Just stop doing the actual parenting (just do the nice fun bits) and don't do his share of anything... do stuff for you when the DC are over rather than always doing everything with them.

Read the book wifework for a start....

It reads like you are a domestic appliance tbh.

cravingthelook · 18/05/2020 11:26

I find it's interesting that weekdays are with his ex and weekends with you and your DH. My ex and I have 50/50. It's a bit of a complicated schedule due to work but mostly so we both have weekend time to do the fun stuff. When does she get to do the nice fun day out stuff with the kids? She seems to have all of the weekday practical stuff. Maybe that's why she's resentful.

I would make sure your H is doing 50% of the practical caregiving when the kids are there. If you don't do that now it will never happen if you have your own child.

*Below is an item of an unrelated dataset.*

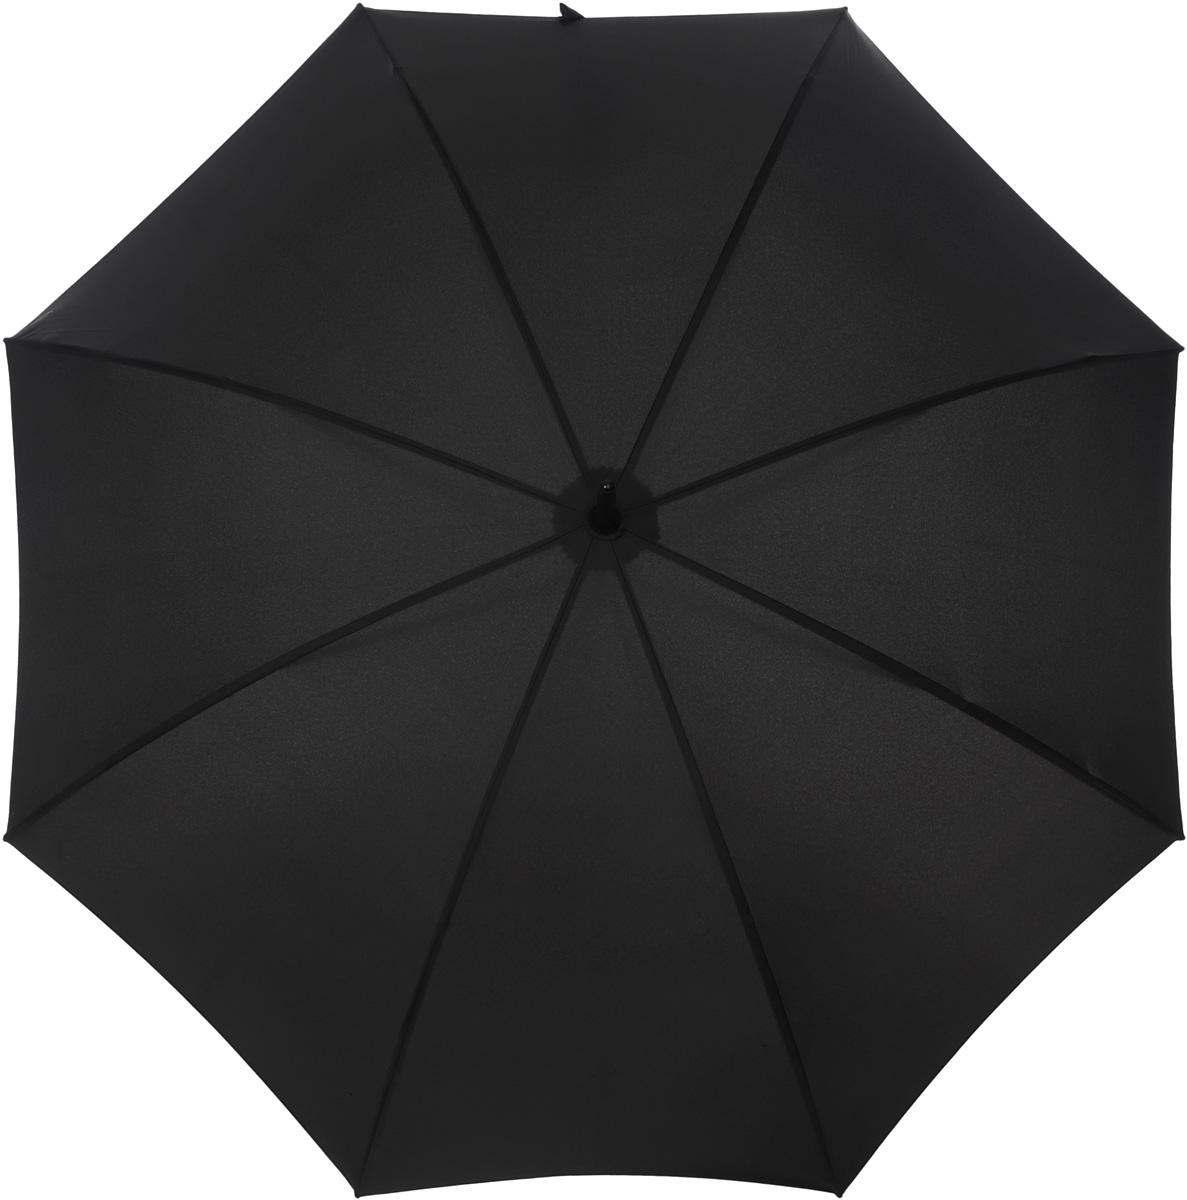 Зонт-трость мужской Fulton, полуавтомат, цвет: черный. G813G813Стильный зонт-трость Fulton выполнен из стали, полиэстера и дерева и оснащен полуавтоматическим механизмом сложения. Изделие оформлено символикой бренда. Каркас зонта состоит из восьми двойных спиц. Купол изделия выполнен из высококачественного полиэстера. Рукоятка, разработанная с учетом требований эргономики, выполнена из натурального дерева. Такой зонт не только надежно защитит вас от дождя, но и станет стильным аксессуаром, который идеально завершит образ.

TwentyViginti · 18/05/2020 11:27

Amanda87 I love you.

See how easy that is? Do I mean it?

Watch his actions, rather than listen to his words. His actions say he 'loves' you as long as you soley see to his kids needs to save him the bother and don't moan about it

pinkyredrose · 18/05/2020 11:29

Actions speak far far louder than words OP.

Laaf80 · 18/05/2020 11:30

I’m not sure he had them all weekend. OP says that he works Saturday and she doesn’t have them while he does so (which is fair enough).

Amanda87 · 18/05/2020 11:32

@Laaf80 Saturday night to Sunday night and sometimes till Monday Night.